Identity is about creating a distinguishing character, one that is not imitative but draws on the unique nature of a place and its people. It seeks to identify and strengthen that which is special about a situation, and requires attention to detail, affection and care.

Local Strengths         

Each place has its potential, though it may not be obvious, particular to those who live there. It may be physical - a geographical position, or a group of buildings whose historic uses are etched into local memory - or intangible, like traditions and stories, or the skills of its inhabitants.

Turning Weakness into Strength

Successful schemes using the arts share a capacity to identify potential in the seemingly intractable and difficult. Often this is a run-down building or location whose structures seem inappropriate for our time.

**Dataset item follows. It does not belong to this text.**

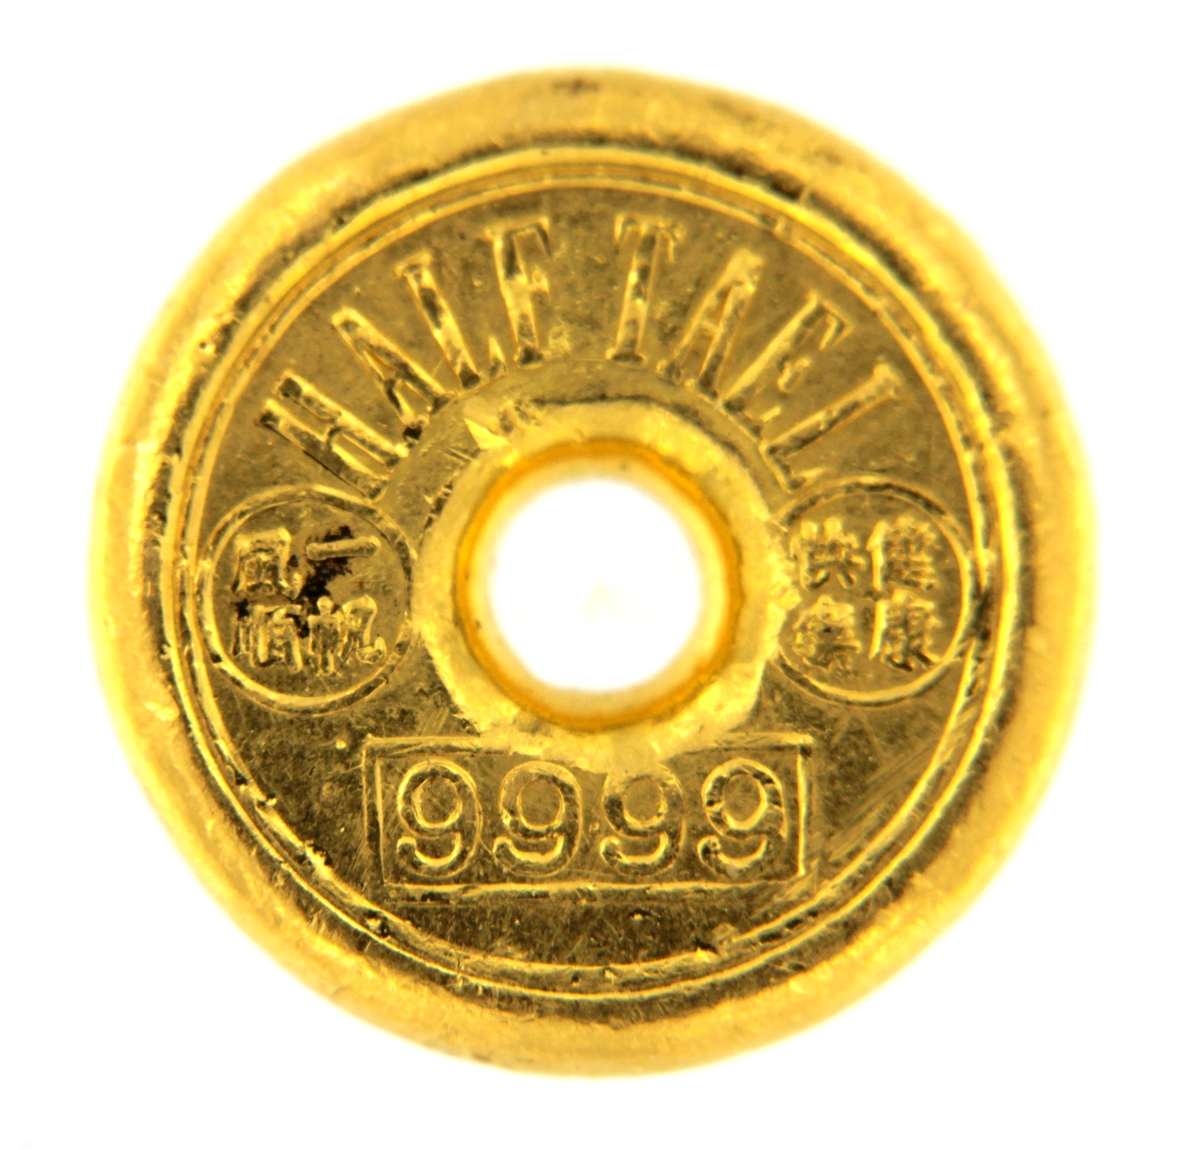 Chow Tai Hong Kong 1 2 Tael 18 71 Gr Cast 24 Carat Gold Bullion Doughnut

Going Beyond Corporate Style

The International Style, for all the beauty of its best work, had the damaging effect of making our cities more uniform and bland. In its debased form of concrete and glass slabs, it can be seen from Aberdeen to Plymouth, New York to Caracas and Sydney to Kuala Lumpur.  But while the pendulum of architectural fashion has swung back towards traditional materials and ‘vernacular’ styles, local character is still under threat from the standardised corporate style of commercial interests. People enjoy difference, variety and individuality. They flock to markets selling things not found elsewhere. They love the drama of the unplanned town­scape, where buildings old and new, good and not so good, tell their own long story of the town. With leisure increasingly taking place at home and in private, towns must offer something different and inspiring, if a more collective public life is to reemerge again which arts-led developments have often encouraged.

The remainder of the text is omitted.